0
votes

I have millions of csv files with different headers, I want to merge them in to a big dataframe.

My problem is that the solution I have tried worked, but too slow! By the way, I have access to Sparklyr working on multiple-nodes cluster in my lab, will this big data tool help?

The files look like this:

file1

header1,header3,header5

a,b,c

file2

header4,header2

e,f

file3

header2,header6

a,c

I want to merge them into:

header1,header2,header3,header4,header5,header6

a,,b,,c, ,f,,e,, ,a,,,,c

I have tried to bind them directly with R, but the program crashed after running few days in the server. The code looks like this:

library(plyr)
library(dplyr)
library(readr)


csvfiles <- list.files(pattern = "file\\d+.csv") 
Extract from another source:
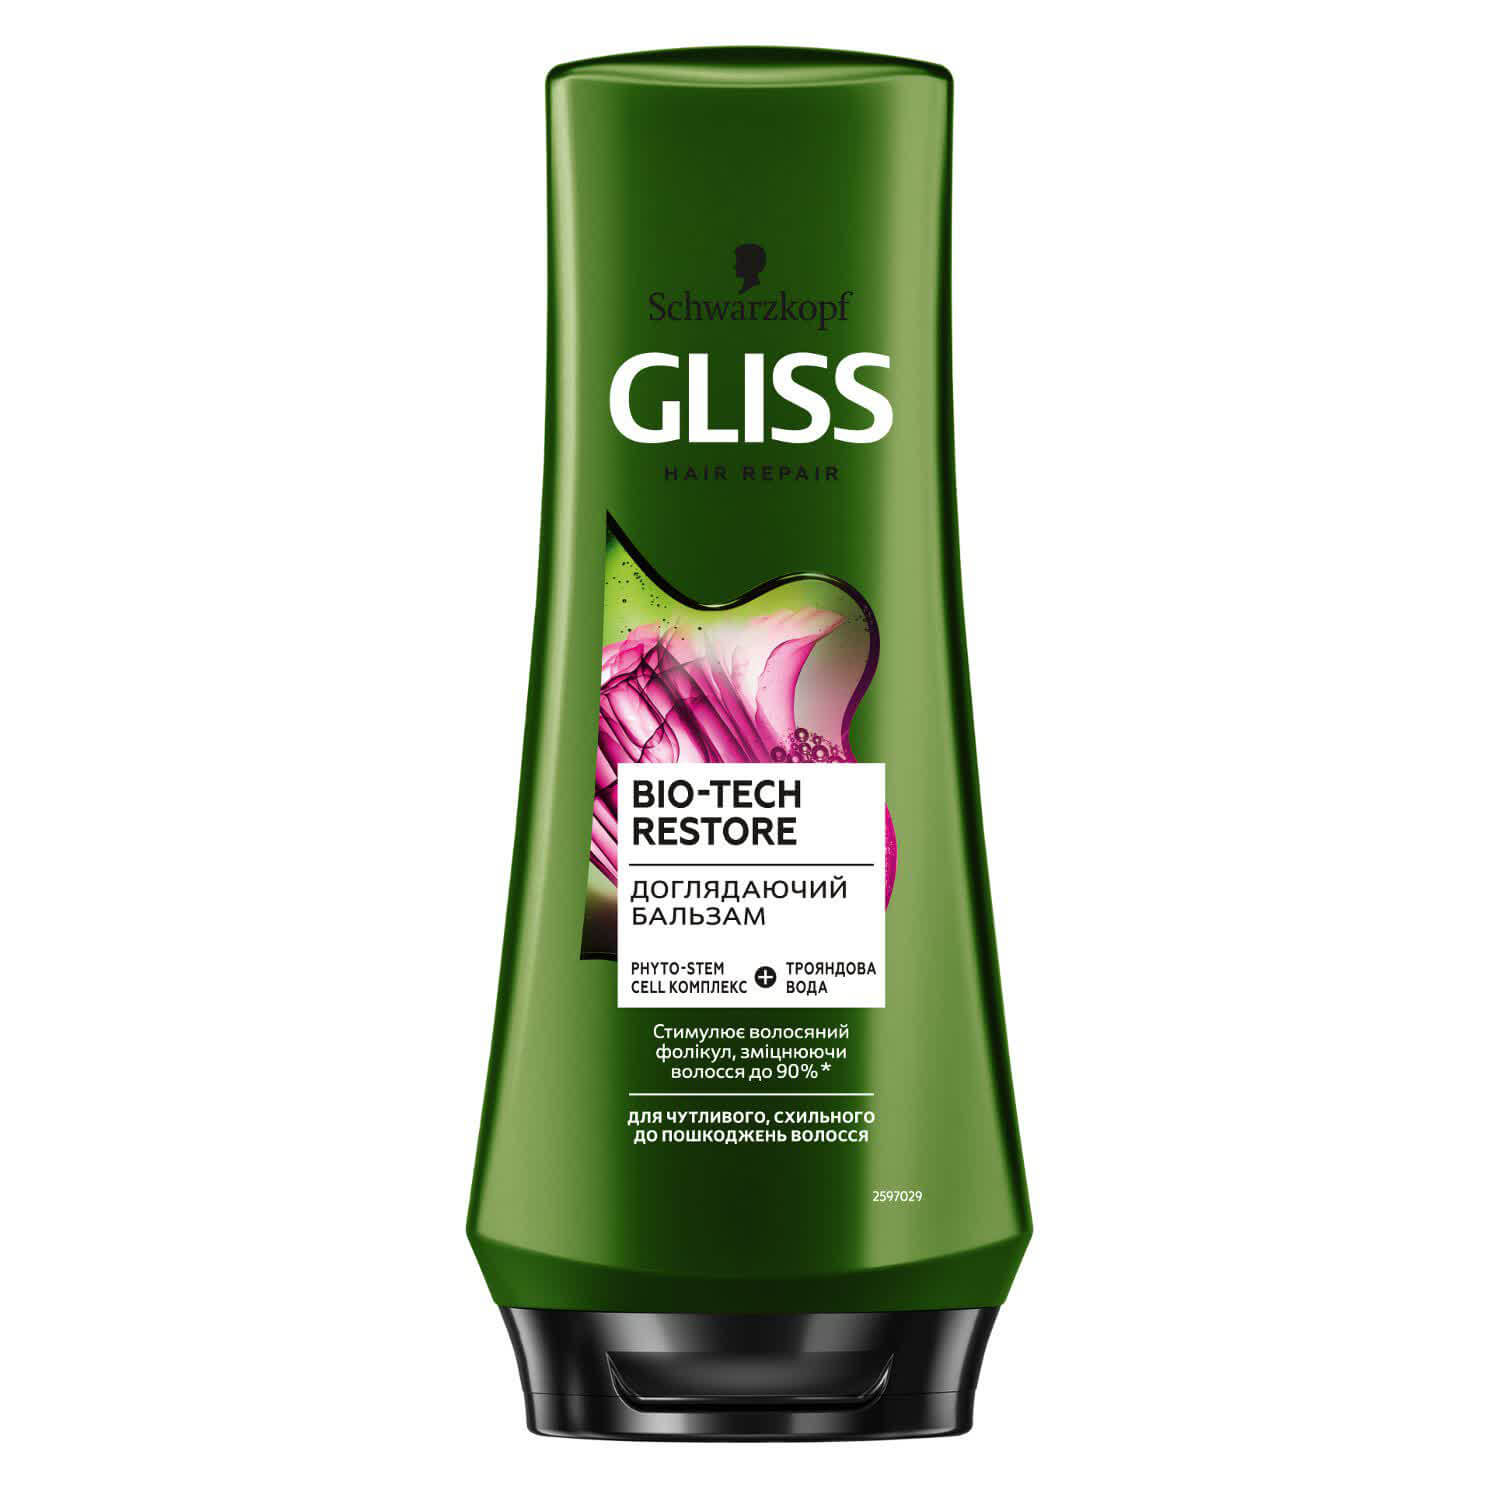 Ухаживающий бальзам GLISS Bio-Tech для чувствительных, склонных к повреждениям волос, 200 мл, 200мл (Артикул: 795620)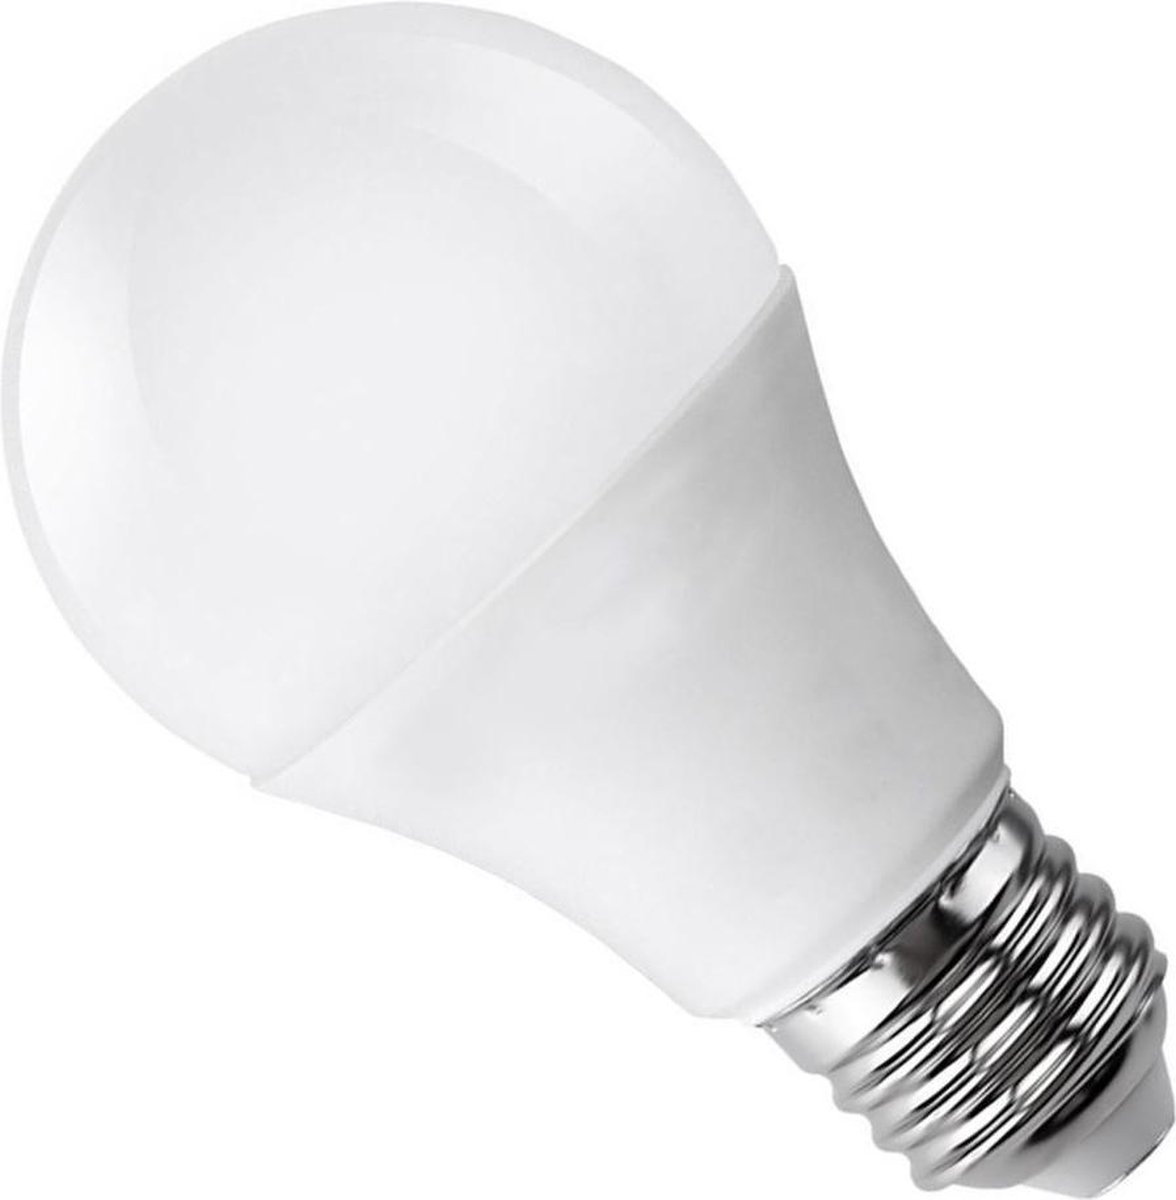 Cornwall Zeebrasem Poort E27 LED lamp 18W 220V A80 - Warm wit licht | bol.com

for (i in 1:length(csvfiles)) {
  assign(paste0("files", i),read_csv(csvfiles[[i]]))
}

csvlist <- mget(ls(pattern = "files\\d"))

result <- data.frame()

for (i in 1:length(csvlist)){
  my_list <- list(result,csvlist[[i]])
  result <- rbindlist(my_list,use.names=TRUE, fill=TRUE)
 }

Then I tried to firstly extract a header using command-line tool such as sed, awk and csvtk.The code I used looks like this

for file in $(ls file*.csv); do cat $file | sed "2 d" | csvtk transpose   >> name_combined.csv; done

awk  '{ lines[$1] = $0 } END { for (l in lines) print lines[l] }' name_combined.csv >> long_head.csv

And I get the csv file named as long_head.csv, it looks like this (actually I got over 3 thousand columns)

header1,header2,header3,header4,header5,header6

Then I use bind_rows in dplyr. I want to output multiple csv files with same columns firstly and then combine them all.

library(readr)
library(dplyr)

csvfiles <- list.files(pattern = "file\\d+.csv")
long_head <- read_csv("long_head.csv")

new_file <- paste("new_file",1:length(csvfiles),sep = "")

for (i in 1:length(csvfiles)) {
         bind_rows(long_head,read_csv(csvfiles[[i]]))  %>% 
            write_csv (file = paste0(new_file [[i]], ".csv"))
}

The code can only output about 100k csv files in a day which mean I have to wait for a whole month to get this csv files to merge them.

I have also tried to combine them directly without writing multiple csv files:

library(readr)
library(dplyr)

csvfiles <- list.files(pattern = "file\\d+.csv")

long_head <- read_csv("long_head.csv")


for (i in 1:length(csvfiles)) {
  a <- bind_rows(read_csv(csvfiles[[i]]),long_head)
  result <- rbind(a,long_head)
}

It runs faster but also falls behind my expectation.

3
Try data.table::rbindlist()Rohit
Hi, what did you try yourself? You mention that you have some code that runs to slow. Can you show it too us?kvantour
First of all, transpose all files. So each row became column. Then start apending files, one by one. After that, transpose you huge file, so each column became row. And voila, you have merged files as you want404pio
I have specificed my question... My problem is that I cannot read all my csv files into R at once, thus the speed is quite slow.Zhiliang Lin

3 Answers

2
votes

This is a challenging question which requires to consider speed as well as memory consumption.

If I understand correctly, the OP wants to merge millions of small csv files. According to the sample data, each file consists of just 2 rows: the header in the first row and character data in the second row. The number of columns as well as the column names may vary from file to file. However, all columns are of the same data type character.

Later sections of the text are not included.